# Not sure if I want to walk for the graduation ceremony



## iheartkpop (Jun 14, 2012)

So I graduated with an Associate's Degree since the fall semester of 2015 and I'm deciding whether I want to walk for the graduation ceremony that is coming up in May. I don't have any friends who will be there to support me, only my family members that can make it that day. However, I'm not quite sure if I want to spend money on cap and gown. I'd rather save that up for when I receive my Bachelor's Degree and other important things because I'm currently unemployed. I don't know really.


----------



## thetown (Aug 16, 2014)

Graduation ceremonies aren't that big of a deal, but it might be for your family. If you think your family would love to come to the ceremony, you should go. My high school teacher said that he didn't remember his high school or college graduations, but he remembered every moment of his daughters' graduations.
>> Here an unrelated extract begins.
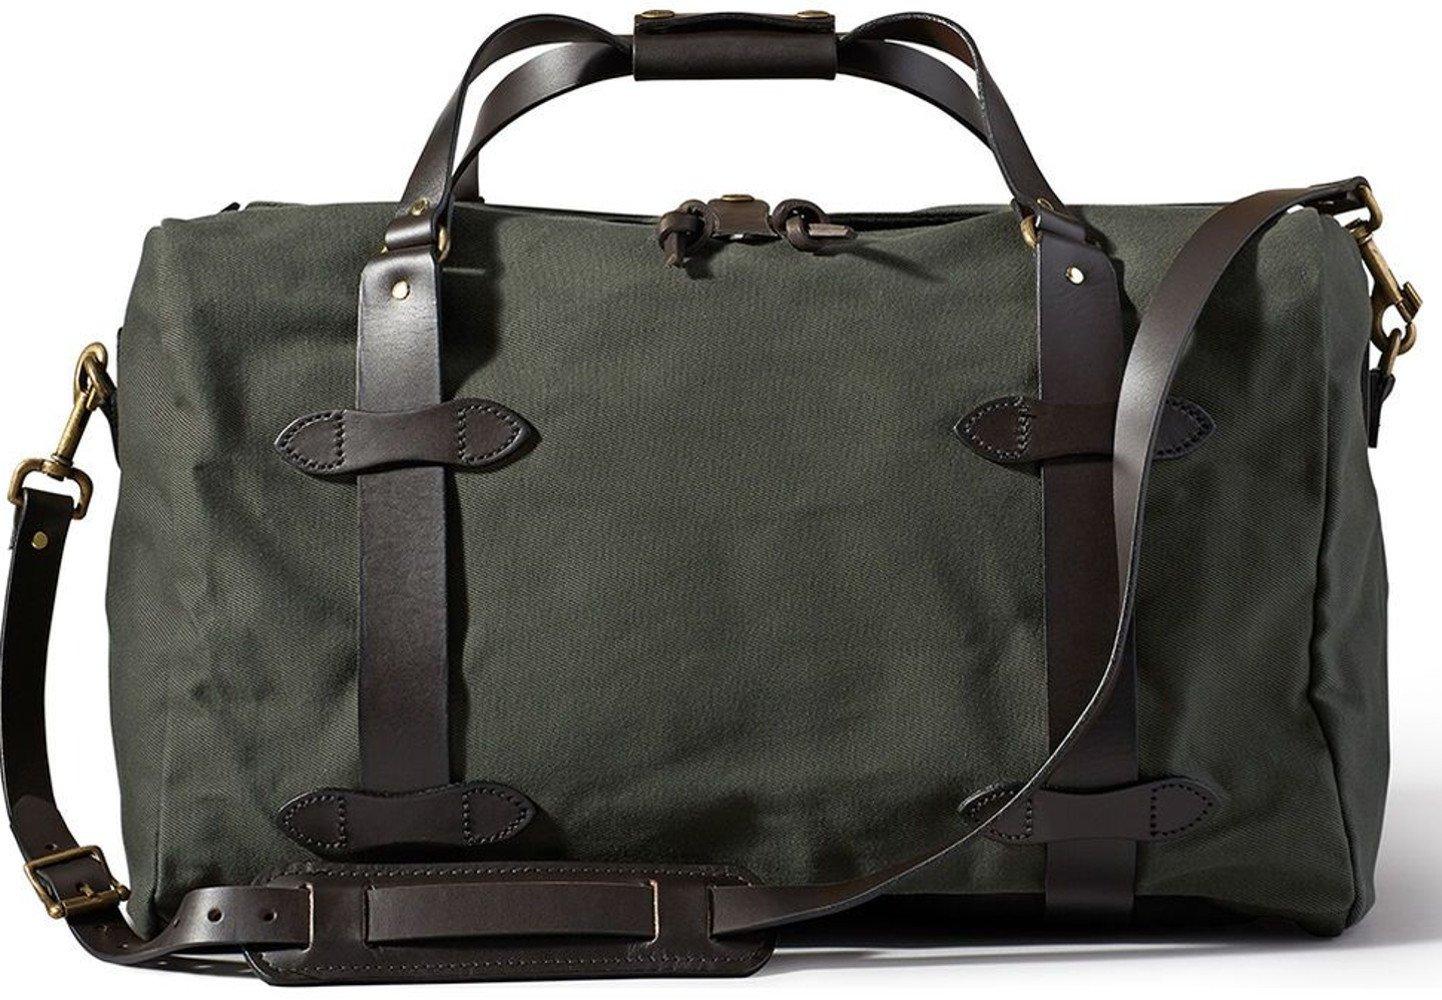 Filson Medium Duffle Bag Otter Green

But I agree that graduations are expensive with all the dumb things that you have to purchase.


----------



## Kevin001 (Jan 2, 2015)

I would do it especially if you have family that want to see you. Its special even though its just an associates. Are gaps n gowns expensive? I can't remember, maybe it came with my tuition? :stu


----------



## chatsnaps (Jan 21, 2016)

I remember that I didn't want to go to my highschool graduation. What was the point? I would just get my diploma mailed to me anyways. My mom made me go saying that I would regret it if I didn't. I was nervous and panicky and it was awkward but looking back, it was such a good memory and it was also fun. Of course people are nervous, I can guarantee you that I wasn't the only one there who was nervous. I think that you should go, you may regret it if you don't. Afterall, you only graduate so many times. I would attend both graduations if I was you because hey, they make memories. 
How much do you have to pay for the gap and gown?
I thought it was included!


----------



## 8888 (Oct 16, 2014)

For me walking would give me an anxiety attack, but I have generalized anxiety disorder. If your anxiety is purely social this may not be true for you. You would know best. I can't decide for you.


----------



## JustALonelyHeart (Nov 20, 2015)

Question is, do you want your family members to be there for your graduation ceremony or not?Does it matter to you how they feel about it, if they would want you to go or not, and if they'd be happy to see you at your ceremony or not?No matter what the rest of the world thinks, it all comes down to how you feel and to what you want.No one can force you to go if you don't feel it right.
Financially it might be a good idea not to go and that way to save up for another occasion.
Good luck no matter what you decide and congrats on your graduation.


----------